» Source material:
+ + + + + + +

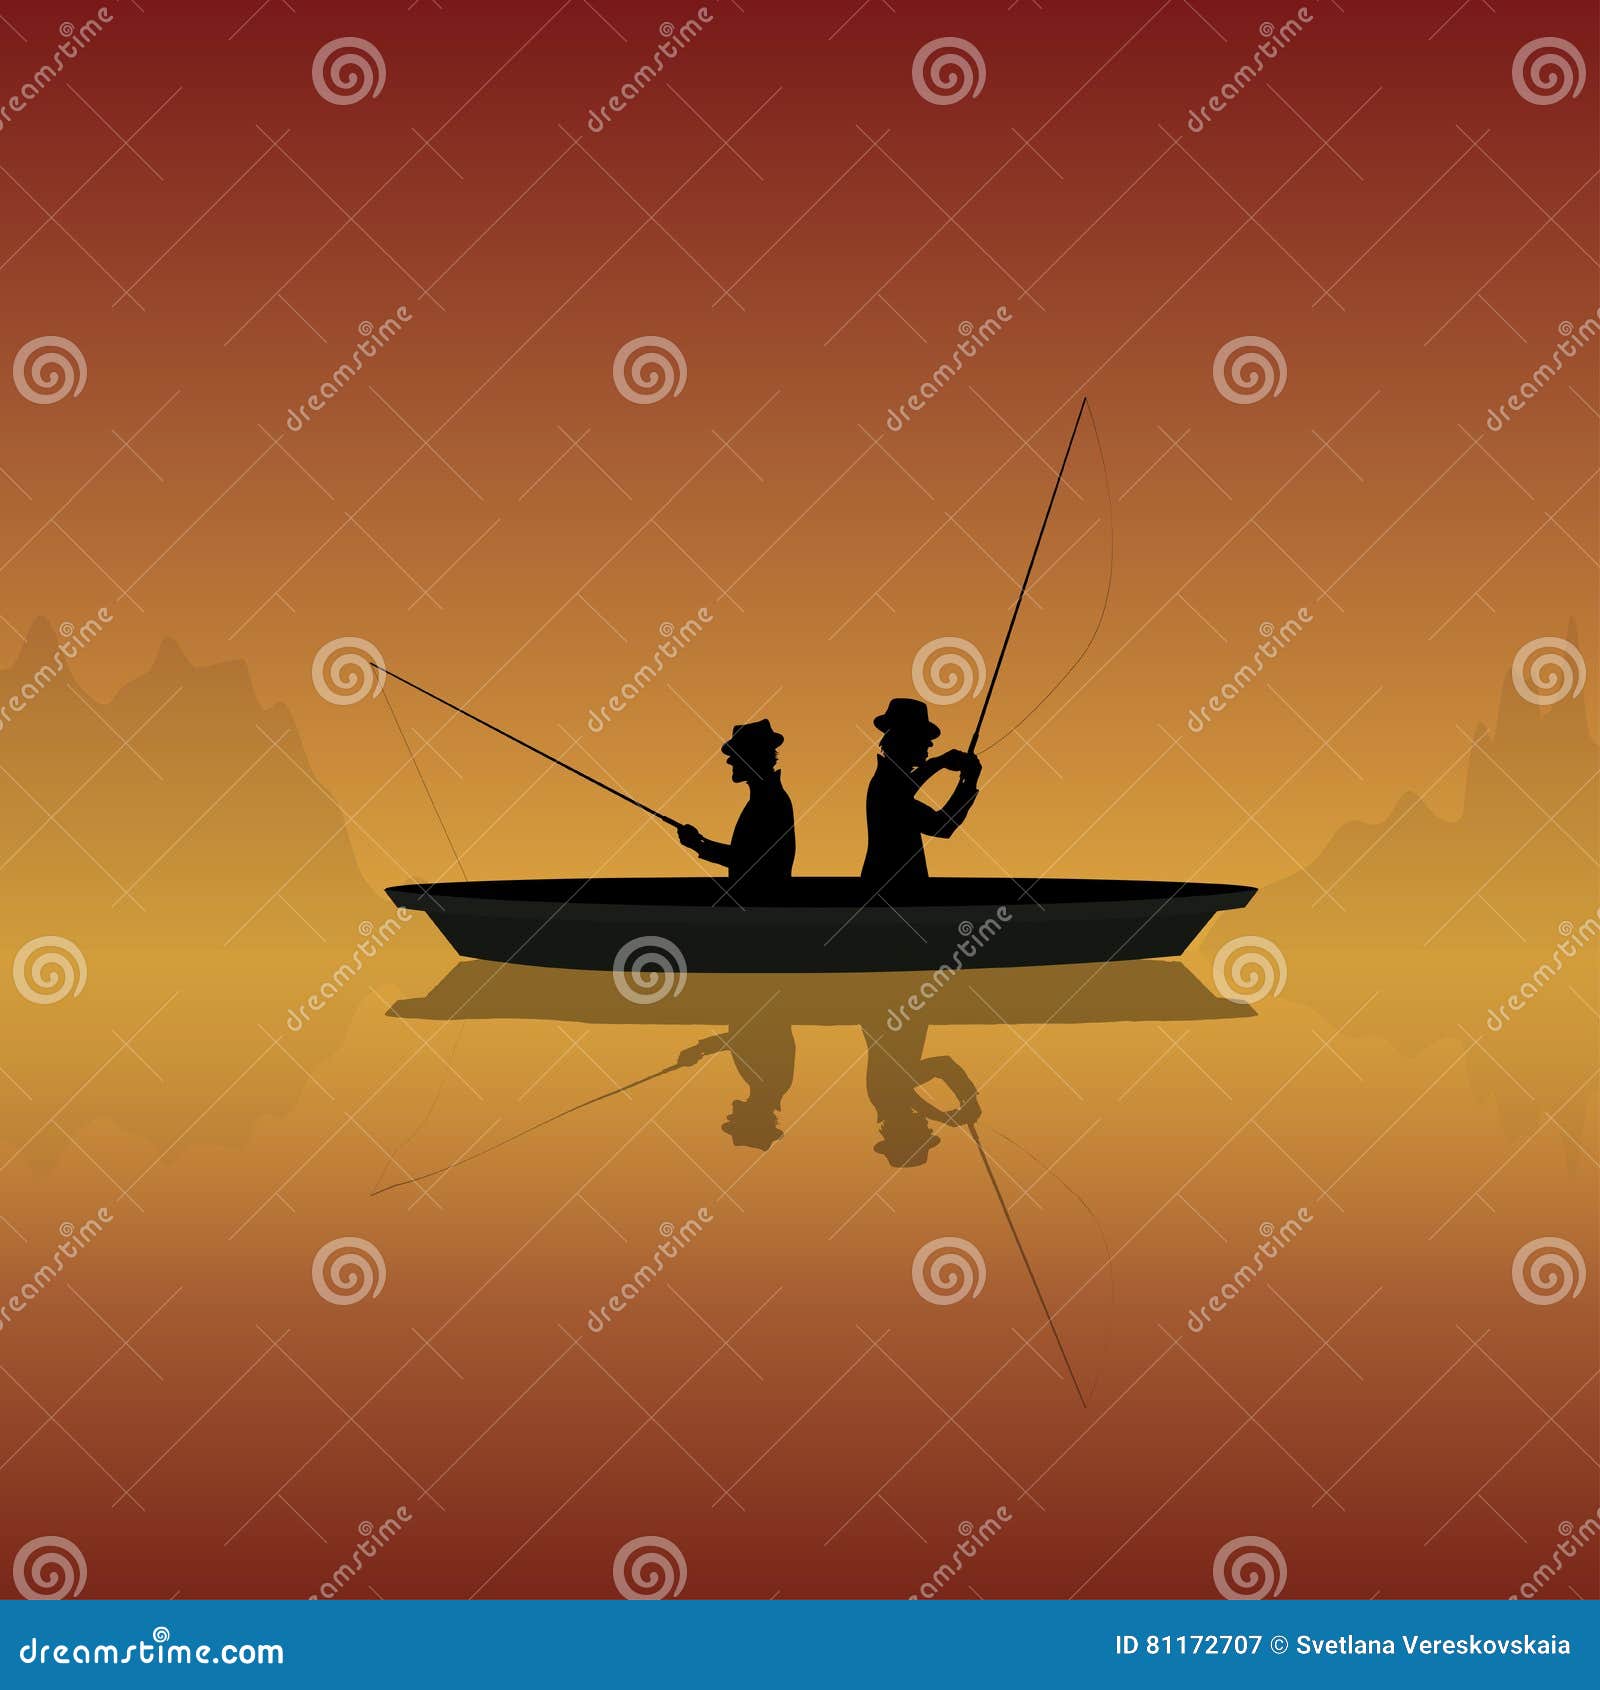 Um barco com varas de pescar e um pôr do sol ao fundo.
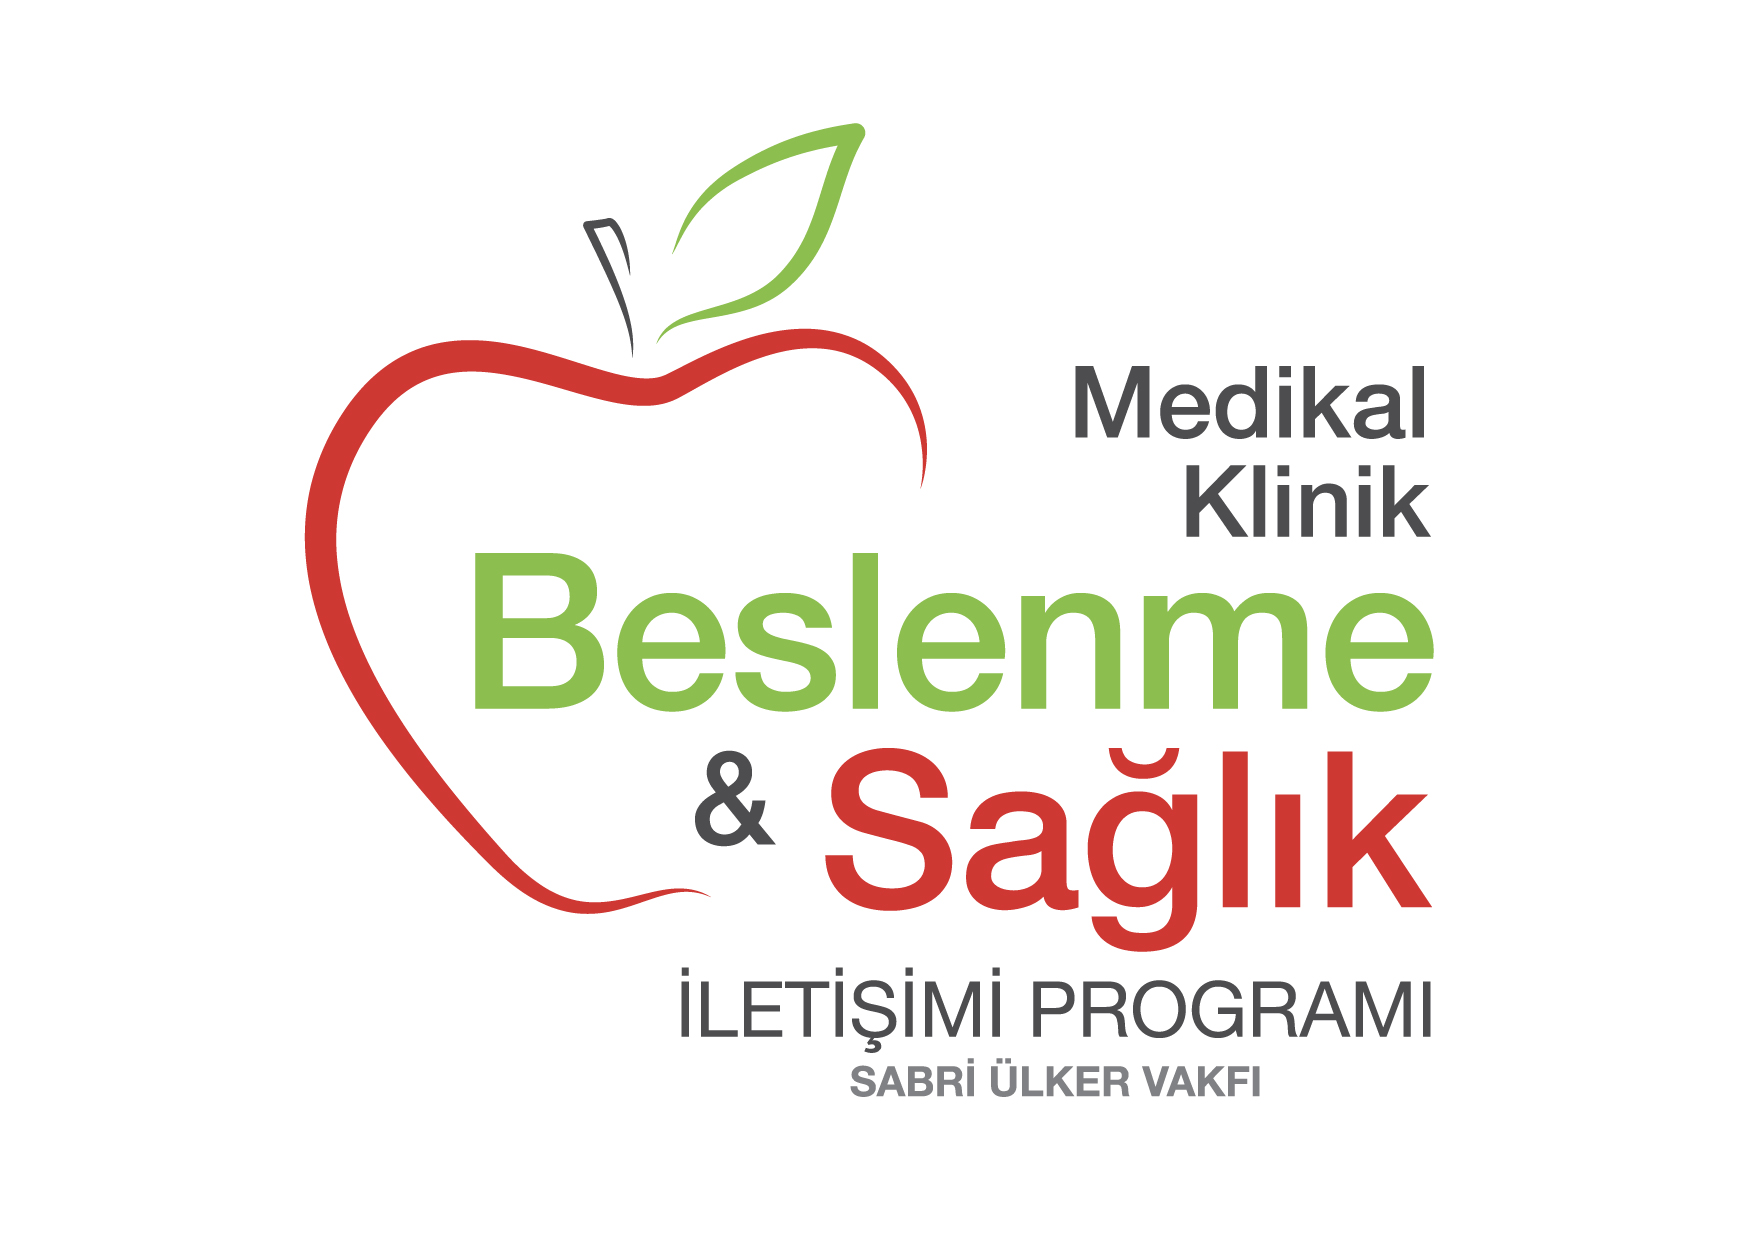 Türkiye’de Bir İlk! Tıp Doktorları Sabri Ülker Vakfı Medikal Klinik Beslenme ve Sağlık İletişimi Programı’nda Beslenme Bilimi Üzerine Eğitim Aldı
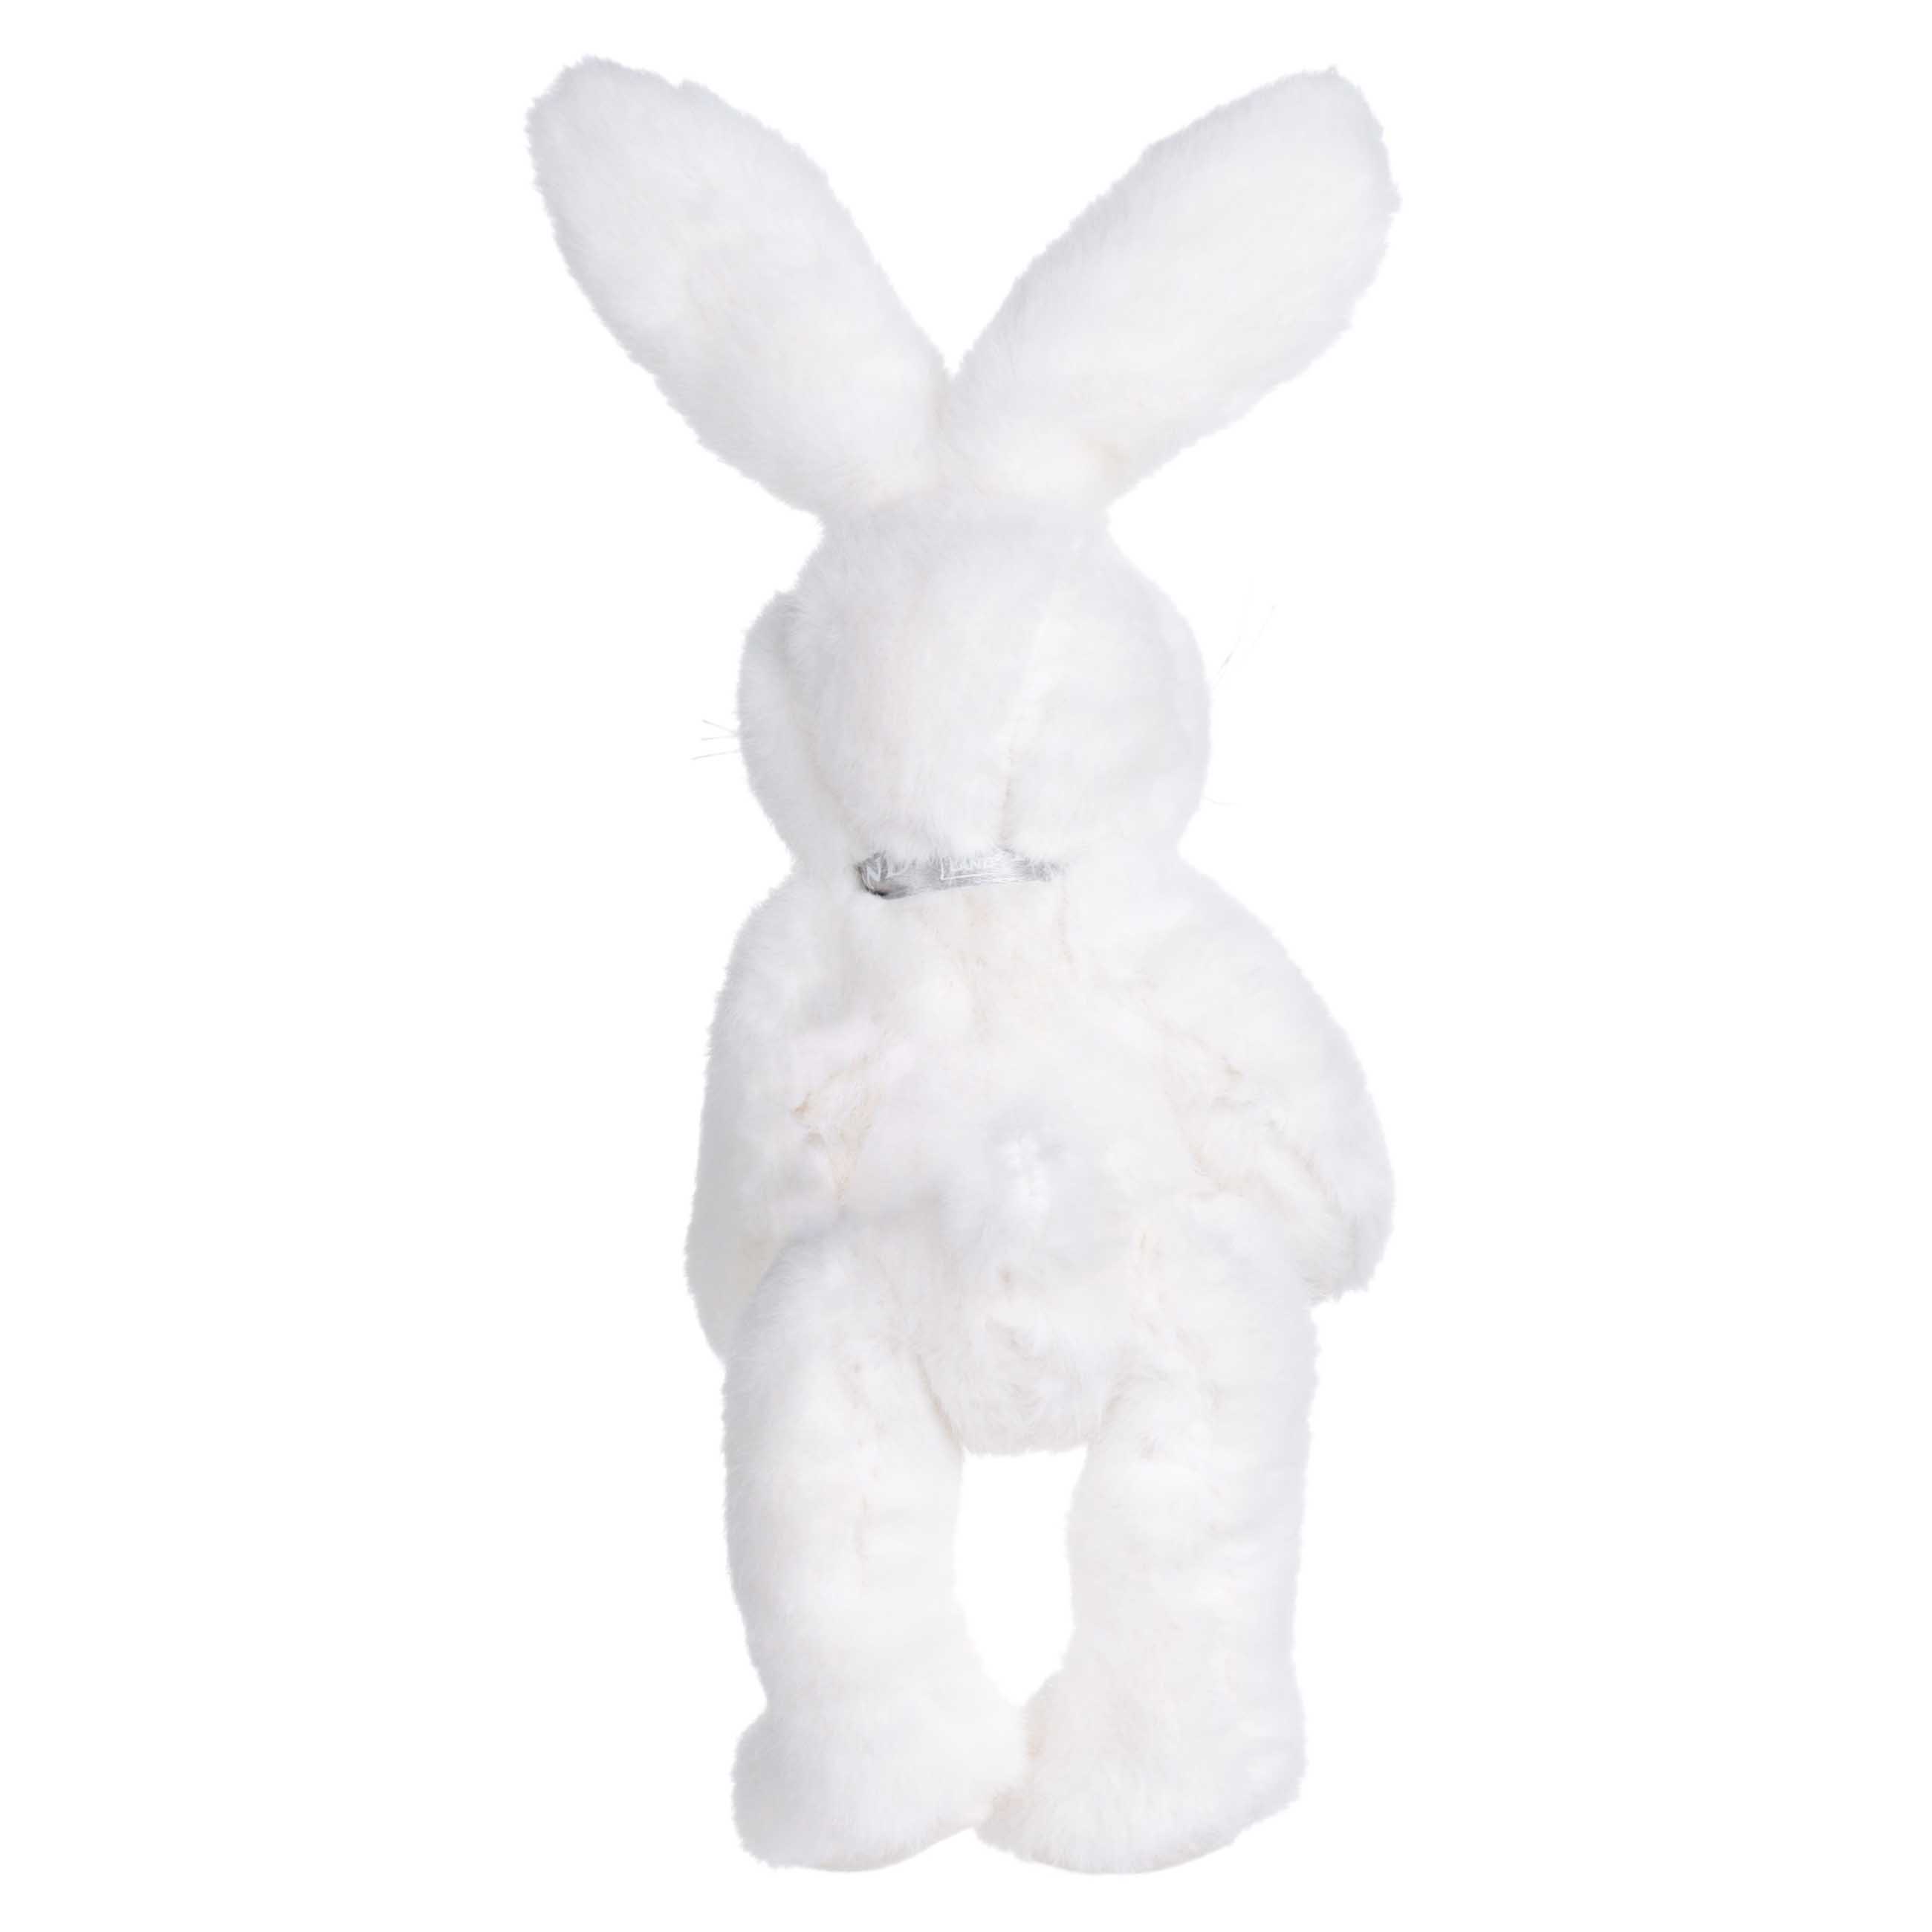 Игрушка, 20 см, мягкая, с подвижными лапами, полиэстер, белая, Кролик, Rabbit toy изображение № 2

+ + + + + + +

» Instructions for the task:
This exercise calls for the complete listing, returned exactly and without images.

» Answer box:
 Um barco com varas de pescar e um pôr do sol ao fundo.
 Türkiye’de Bir İlk! Tıp Doktorları Sabri Ülker Vakfı Medikal Klinik Beslenme ve Sağlık İletişimi Programı’nda Beslenme Bilimi Üzerine Eğitim Aldı
 Игрушка, 20 см, мягкая, с подвижными лапами, полиэстер, белая, Кролик, Rabbit toy изображение № 2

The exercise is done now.